The first timing on 1x1 pixels is often ~17ms intermittently and often but not always. I don't know how to fix that. I could keep timing until 1x1 pixels is some more reasonable number like time 5 times until it's < 1 ms and if never then fail?
powerPreference: low-power
size time in milliseconds
--------------------------------
1x1 16.1
2x1 0.0
2x2 0.0
4x2 0.0
4x4 0.0
8x4 0.1
8x8 0.1
16x8 0.0
16x16 0.0
32x16 0.0
32x32 0.0
64x32 13.6
64x64 35.7
128x64 62.6
--------------------------------
use 64x64
Testing on a late 2018 Macbook Air with Intel Integrated GPU shows a similar issue except the first timing comes out even worse at 42ms.
size time in milliseconds
--------------------------------
1x1 42.4
2x1 0.0
2x2 0.0
4x2 0.0
4x4 0.0
8x4 0.0
8x8 0.0
16x8 0.0
16x16 0.0
32x16 0.0
32x32 0.0
64x32 0.0
64x64 51.5
--------------------------------
use 64x32
Further, the timings are kind of bogus. Note on my 2014 MBP, 32x32 is 0ms and 64x32 is suddenly 13ms. I'd expect 32x32 to be 6.5ms. Same on the MBA above, everything is 0 and then suddenly 51ms !??!??
Running it on a Windows 10 desktop with Nvidia RTX 2070 everything seems more reasonable. The 1x1 timing is correct and the timings grow as expected.
powerPreference: low-power
size time in milliseconds
--------------------------------
1x1 0.0
2x1 0.0
2x2 0.0
4x2 0.0
4x4 0.0
8x4 0.0
8x8 0.0
16x8 0.0
16x16 0.0
32x16 0.1
32x32 0.1
64x32 2.4
64x64 2.9
128x64 3.1
128x128 6.0
256x128 15.4
256x256 27.8
512x256 58.6
--------------------------------
use 256x256
Also, on all systems if I don't pre-draw each size before the timing it fails and all timings come out > 16ms.

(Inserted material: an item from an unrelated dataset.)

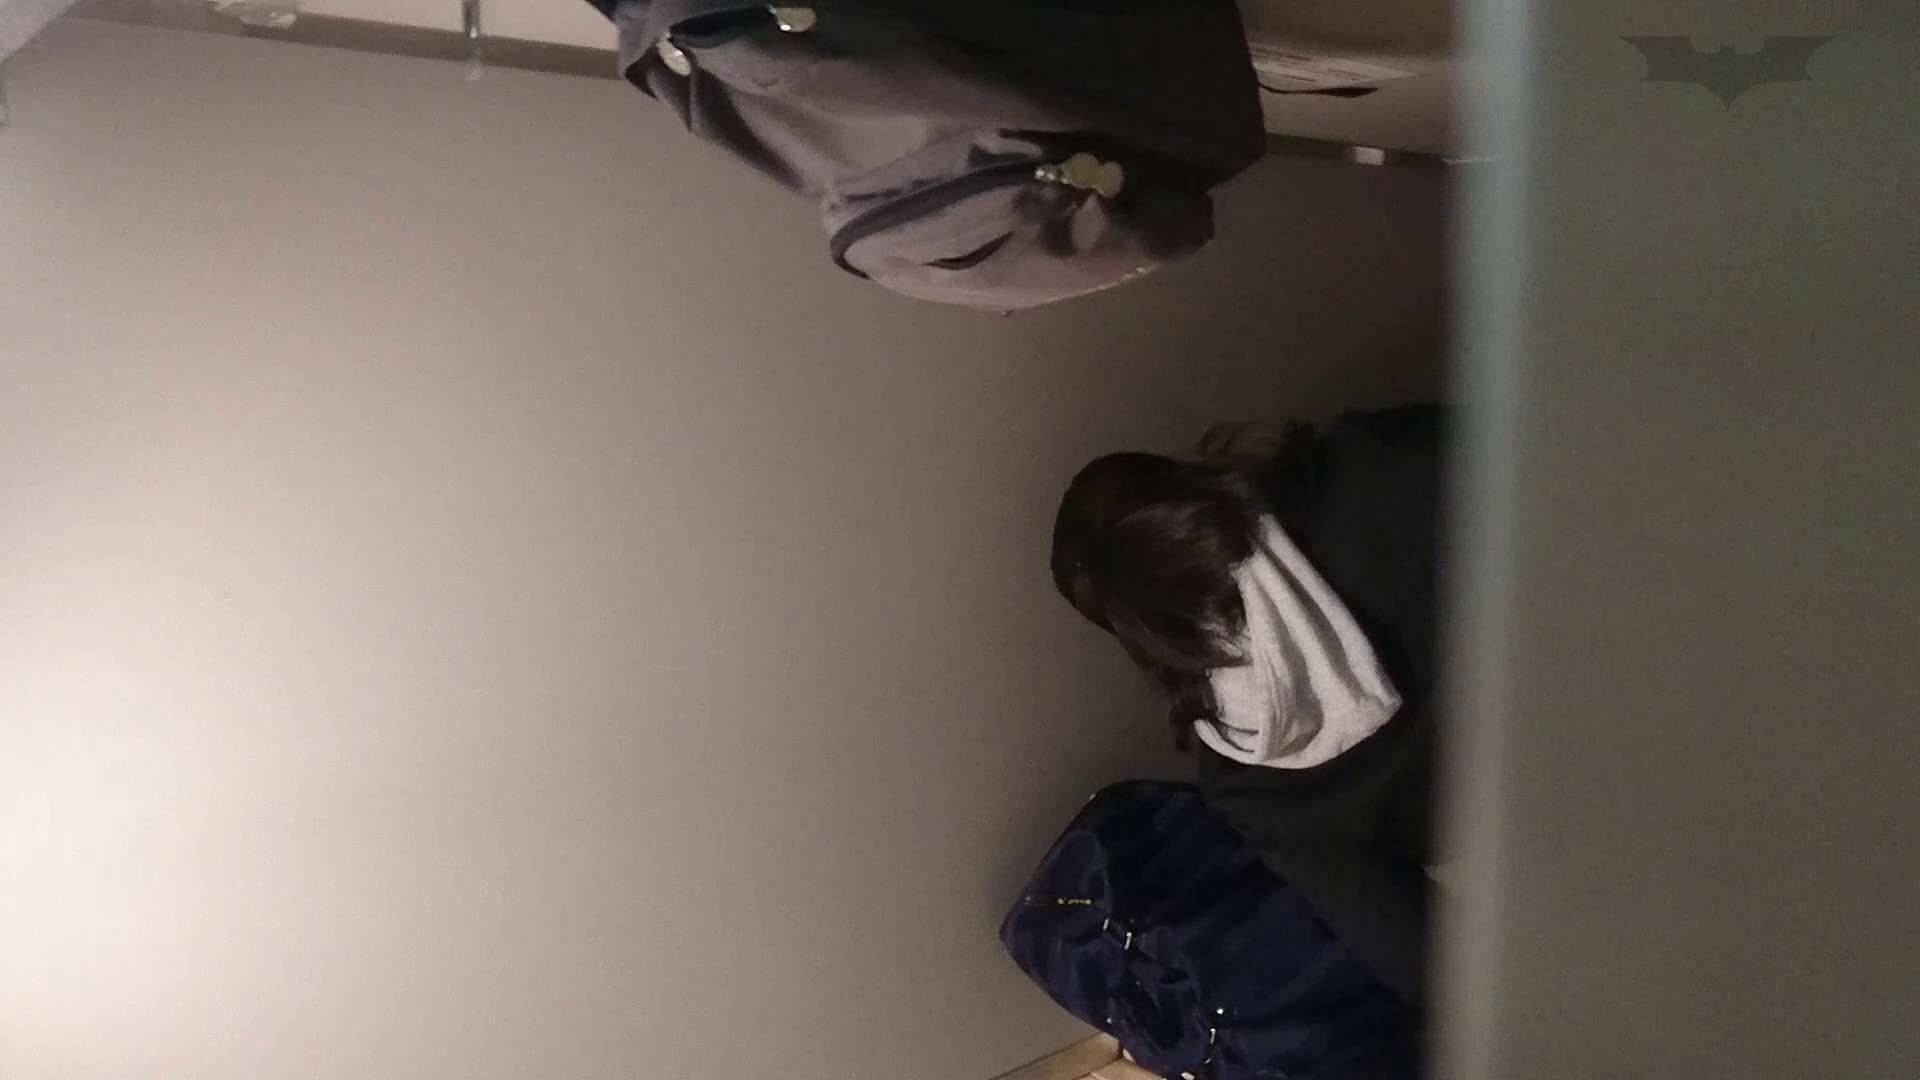 化粧室絵巻 ショッピングモール編 VOL.15 盛合せ  51PIX 6
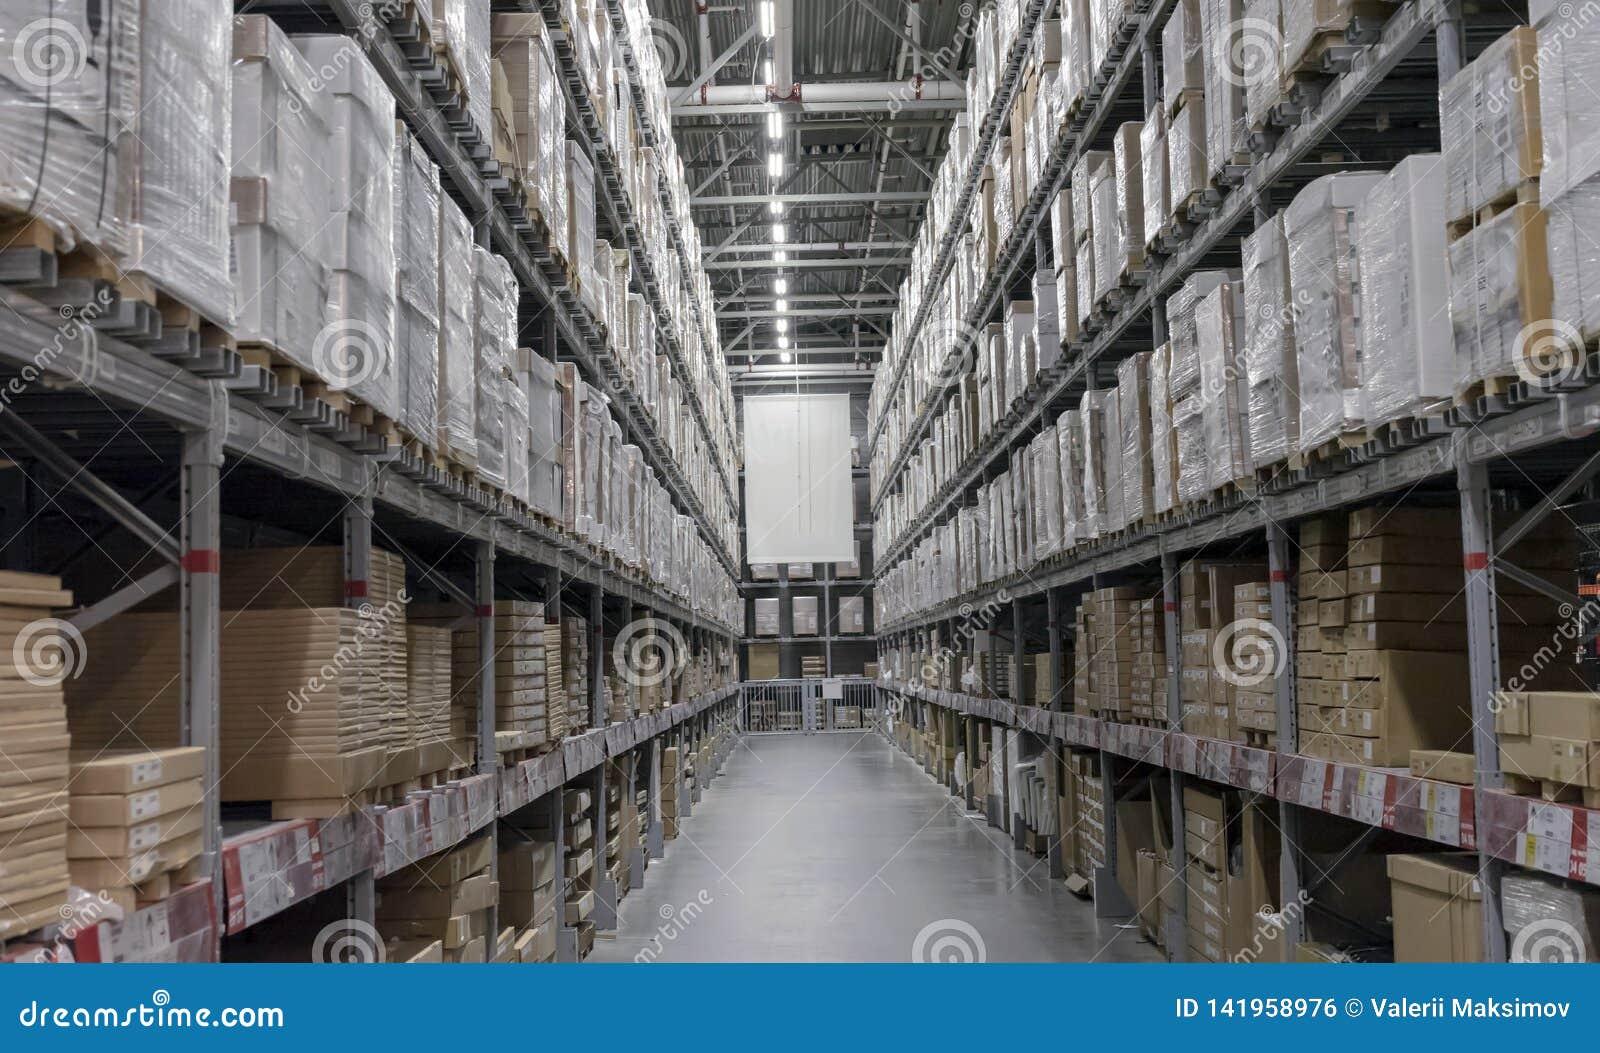 Entrepôt avec des boîtes sur des étagères et des supports

Adding the pre-draw seems to work but it's voodoo. I even tried pre-drawing just 1x1 pixel instead of width by height pixels as the pre-draw and that failed!?!?!?
Further, Firefox doesn't support EXT_disjoint_timer_query_webgl2 I believe that's because precision timing makes it possible to steal info from other processes. Chrome fixed this with site isolation but I'm guessing Firefox has yet to do that.
note: WebGL1 has EXT_disjoint_timer_query for similar functionality.
update: the issues on intel GPUs might be related to fuzzing the timing to avoid security issues? Intel GPUs use unified memory (meaning they share memory with the CPU). I don't know. The chrome security article mentions lowering precision on devices with unified memory.
I suppose even without the timing extensions you could try seeing if you can render in under 60hz by checking requestAnimationFrame timing. Unfortunately my experience there is also that it can be flaky. Anything could cause rAF to take more than 60fps. Maybe the user is running other apps. Maybe they are on a 30hz monitor. etc... Maybe averaging the timings over a certain number of frames or taking the lowest reading of multiple timings.